X: There is a crack.

[Heat-resistant]
After placing the lunchbox lid obtained under the above molding conditions in a hot air dryer set at 110 ° C. for 60 minutes, deformation of the container was visually observed.
:: no deformation △: slight deformation, less than 5% change in outer size x: large deformation, 5% or more change in outer size

[Formability]
A lunch box lid (dimension length 241 × width 193 × height) formed from a biaxially oriented sheet under the conditions of a heat plate temperature of 135 ° C and a heating time of 2.0 seconds with a heat plate molding machine HPT-400A (manufactured by Wakisaka Engineering) 28 mm) was evaluated.
:: good △: slight whitening due to surface roughening, raindrop, poor shape ×: significant whitening due to surface roughening, raindrop, poor shape (cannot be commercialized)

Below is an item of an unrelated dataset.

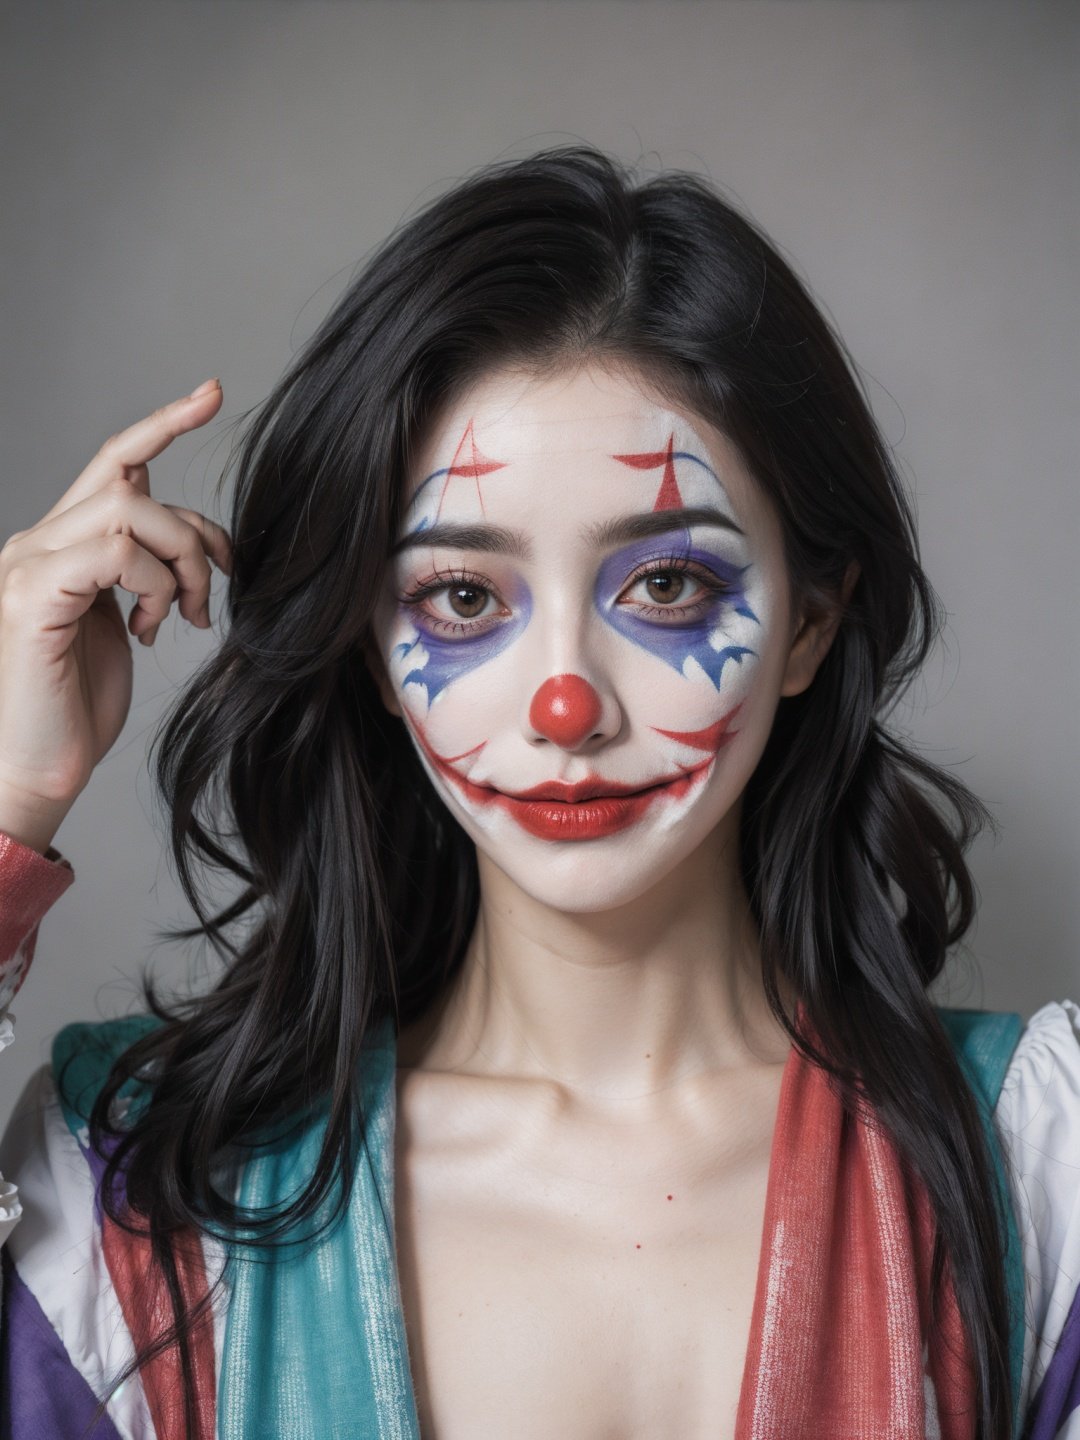 1girl,moyou,portrait,clown,(joker makeup:1.1),(clown paintings:1.2),

[Staining (Staining on hot plate during molding)]
The biaxially oriented sheet was continuously molded using a vacuum pressure air molding machine PK400 manufactured by Kansai Automatic Molding Machine Co., Ltd. Before the molding, the heat plate was previously cleaned with a rag to remove the dirt on the heat plate. A lid container (200 mm long × 120 mm wide × 50 mm high) having a flat top surface at a molding temperature of 135 ° C. as continuous molding conditions was continuously molded for 500 shots. After molding, the heat plate was cleaned with a rag and the degree of contamination was visually evaluated.
○: The waste is hardly soiled.
Fair: More than 20% of the waste was dirty.
X: Almost the entire surface of the waste was dirty.

Claims (8)

A biaxially stretched resin layer obtained by biaxially stretching a resin composition containing acrylonitrile and styrene as monomer units, and the acrylonitrile / the styrene mass ratio being 16/84 to 32/68,
A coating layer for covering at least one surface of the biaxially oriented resin layer, wherein (A) sucrose fatty acid ester, and (B) saponification degree is 85 to 95 mol%, polymerization degree is 300 to 2000 A coating layer containing polyvinyl alcohol, wherein a mass ratio of the (A) sucrose fatty acid ester to the (B) polyvinyl alcohol is 80/20 to 50/50;
A biaxially oriented sheet comprising: The biaxially stretched sheet according to claim 1, wherein a mass per unit area of the covering layer is 20 to 100 mg / m ² .   The biaxially stretched sheet according to claim 1 or 2, wherein the fatty acid constituting the (A) sucrose fatty acid ester is at least one selected from the group consisting of lauric acid, myristic acid, palmitic acid, and stearic acid. .   The biaxially stretched sheet according to any one of claims 1 to 3, wherein a total of residual amounts of methanol and methyl acetate in the (B) polyvinyl alcohol is 4% by mass or less.   The molded article which shape | molded the biaxially stretched sheet as described in any one of Claims 1-4.   The molded article according to claim 5, which is a food packaging container or a lid of a food packaging container.   The molded article according to claim 5 or 6, which is a food packaging container for microwave heating or a lid of a food packaging container. The molded article according to any one of claims 5 to 7, which is a food packaging container for refrigeration or a lid of a food packaging container.